Getting Stalked by a Flock of Quetzalcoatlus

By |2022-11-15T12:59:53+00:00May 28th, 2008|Dinosaur and Prehistoric Animal News Stories, Main Page, Palaeontological articles|0 Comments

New Research into Late Cretaceous Pterosaurs – Not Flyers but Stalkers

New research published today, led by scientists from the University of Portsmouth has concluded that many of the large pterosaurs of the Late Cretaceous may have had a completely different lifestyle than previously thought.  Large azhdarchid pterosaurs may have been terrestrial hunter.  Animals may have been stalked by a flock of Quetzalcoatlus!  They may have been walkers, not long-distance gliders, patrolling the great fern plains snatching up prey with their long toothless beaks.

Pterosaurs are not Dinosaurs

Pterosaurs are not dinosaurs, but reptiles that shared a common ancestry with the dinosaurs (the Archosauria).  The first fossils of these flying reptiles date back to the middle of the Triassic, around 230 million years ago.  They evolved into a myriad of forms, from long-tailed pterosaurs with relatively short bodies and stubby wings to the huge, short-tailed pterosaurs of the Late Cretaceous with many species having wingspans in excess of 8 metres.

Pterosaur Success

These flying reptiles were very successful during the Mesozoic period, although their numbers and the diversity of the group declined sharply towards the end of the Cretaceous.  Scientists have speculated about why this group of animals declined, perhaps it was because of competition from the rapidly diversifying birds.  After all, feathered flyers would have a number of advantages over gliding or flying reptiles that were powered by flaps of skin, living tissue membranes, reinforced with tough, elastic fibres which were supported by an elongated fourth finger.

To read more about pterosaurs competing with birds: Did the Birds wipe out the Pterosaurs?

The last of the flying reptiles were giants, animals like Quetzalcoatlus and Pteranodon.  Interestingly, Pteranodon fossils (the family is called Pteranodontidae) have been mainly found in marine sediments.  This indicates that these animals lived in coastal habitats and they were probably piscivorous (fish-eaters).  In contrast, fossils of the genus Quetzalcoatlus (family is called the Azhdarchidae), are associated with sediments that were laid down inland; far away from a marine environment.  The fossil evidence revealed so far on the Azhdarchidae pterosaurs does not point to them being typical fish-eaters and there are some subtle differences in their anatomy when compared to other large pterosaurs that may indicate a totally different ecological niche for these bizarre creatures.

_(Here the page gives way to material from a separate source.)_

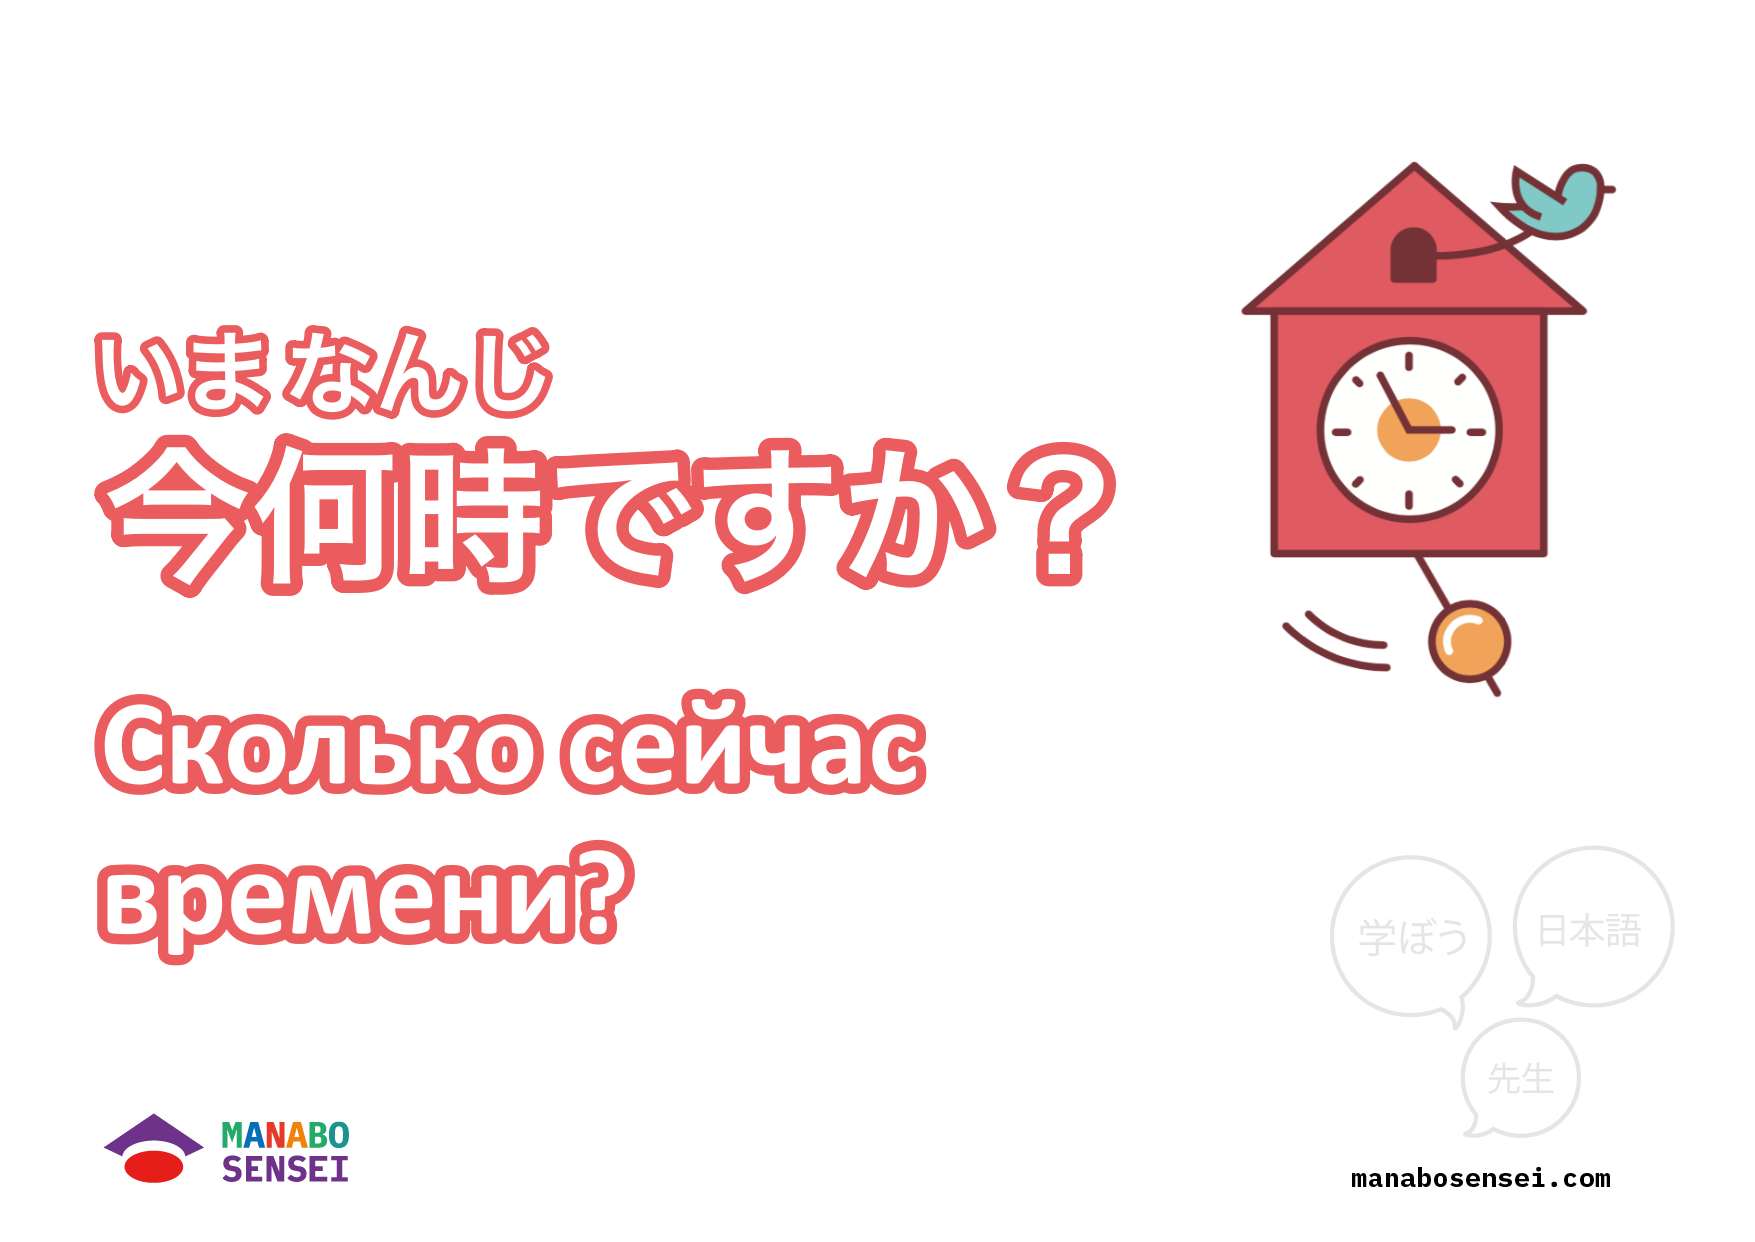 День на японском языке. Часы на японском языке. Часы по японски. Минуты в японском языке. Времена в японском языке.

Stalked by a Flock of Quetzalcoatlus

This new study carried out by Mark Witton and Dr Darren Naish has reviewed the current data and published fossil material on the azhdarchids.  They have come to the conclusion that these animals may have been the prehistoric equivalent of ground-feeding birds such as the ground hornbills and some types of modern stork.

The study of azhdarchid anatomy, footprints attributed to these pterosaurs and the distribution of their fossils by the research team shows that the coastal glider, fish-eater stereotype of large pterosaurs does not necessarily apply to this particular family of flying reptiles.  Their review provides evidence that some types of azhdarchids were strongly adapted for terrestrial life.  According to the review of the fossil bones of azhdarchids the scientists have concluded that they were better adapted for walking than other types of flying reptile because they had long limbs in proportion to their bodies.  Their light, skulls ending in a sharp, pointed but toothless beak would have been well suited for picking up small animals and other food from the ground.  They would then have manipulated their food in the huge beak before swallowing it whole (probably head first like many species of ground hunting birds do today).

Azhdarchid Pterosaurs

Azhdarchids such as Quetzalcoatlus, a huge pterosaur with a wingspan of approximately 12 metres have big eye sockets in their skulls indicating large eyes, with perhaps telescopic vision, although this can only be speculated at the moment.  The placement of the eyes to the side of the head but looking forward would have enabled these large animals to judge distance accurately.  Some palaeontologists believe that these physical attributes would have helped Quetzalcoatlus scan lakes for fish on the surface or perhaps to search the terrain below them for carcases to scavenge as they flew high above, just like vultures do today.  However, this new paper reports on how effective these adaptations would be for spotting and grabbing prey as these huge reptiles wandered around on all fours.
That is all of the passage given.